Warsaw/Prague: Poland won’t avoid shutting down some of its ailing mines as the money funnelled into them by the state-run companies won’t be enough to compensate for still-depressed fuel prices, according to the country’s biggest private coal producer.

The nation of 38 million, whose electricity comes mostly from the heavily polluting fossil fuel, has been draining profitable power producers since 2015 to help shore up loss-making miners. Earlier this year, the country’s three utilities agreed to pour 1.5 billion zloty (Dh1.37 billion, $386 million) into Polska Grupa Gornicza, the European Union’s biggest coal producer, with assurances that more cash injections won’t be required. That helped the company avoid bankruptcy and the cabinet to keep election promises not to close mines.

“Everyone knows that the issue will re-emerge in the next 12 months,” said Michal Herman, the head of PG Silesia SP. z o.o. “Again, the source of investment will have to be the power companies, only this time they will need to be more selective, but that’s good. That means that the best mines will survive and the least efficient ones will be closed.”

Coal companies worldwide have endured the worst downturn in decades as a result of stringent environmental rules and a supply glut that sent prices plunging to a multi-year low while pushing some of them, including Czech miner New World Resources Plc, to the brink of bankruptcy.

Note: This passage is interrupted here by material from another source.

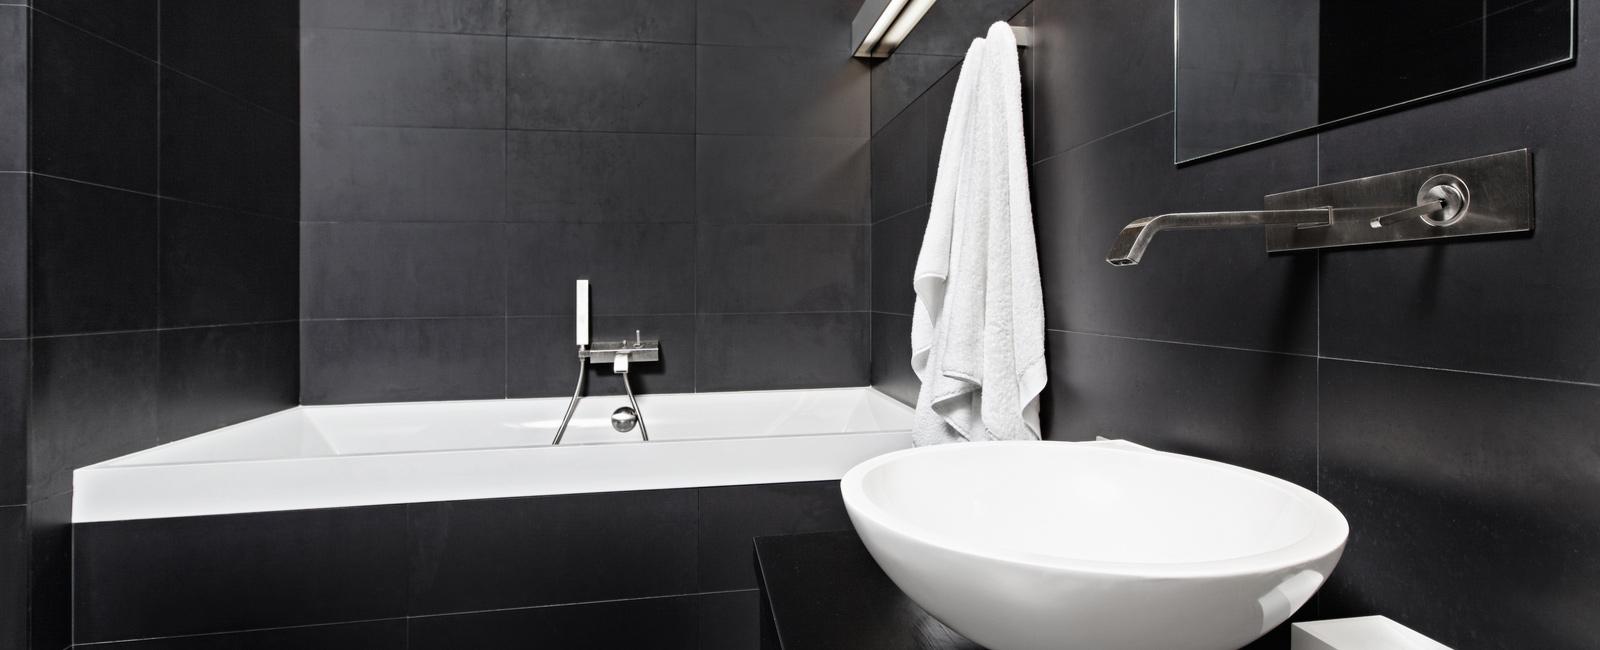 salle de bain monochrome

The Polish government, a vocal defender of coal in the EU, should help the entire industry, for example by lowering the fees and taxes, PG Silesia CEO Herman said in a phone interview. “Everyone is fighting for survival and we are all focusing on what will happen in the next three months and not three years.”

New coal-fired plants

The recent uptick in coal prices may not be enough to save Poland’s worst-performing mines as it will impact their long-term contracts in 2018 at the earliest, a respite that is needed now, according to Herman. He predicts that state-run mines have only one year to “improve themselves.” At least half of them will make it and coal output needs to slide as new coal-fired plants will consume less fuel.

“Eventually the market will find its balance and I don’t believe miracles will happen,” he said. Herman and Krzysztof Mejer, the deputy mayor of coal town Ruda Slaska, which is home to three of PGG’s 11 mines, see the only rescue for the troubled industry in higher coal prices and taking an axe to costs that are crippling their competitiveness.

Coal puzzle

“It’s about cutting production costs,” Mejer said in an interview. “It will also depend on global prices of the fuel. If they go up, there’s a chance to stabilise the industry. But if the government is complacent about reducing PGG’s debt, the problem will return in three to four years.”

Ruda Slaska, lying at the heart of Silesia region, isn’t afraid of the shift that’s inevitably coming to the mining industry even as PGG’s three mines will merge into one as soon as next year raising the spectre of a decline in the coal output, according to Mejer.

“The mining has been here for more than 200 years and we’ve been through many shake-ups and we’ve seen many mines being closed,” he said. “We’ll survive, it’s just a matter of putting all the pieces of the puzzle in order.”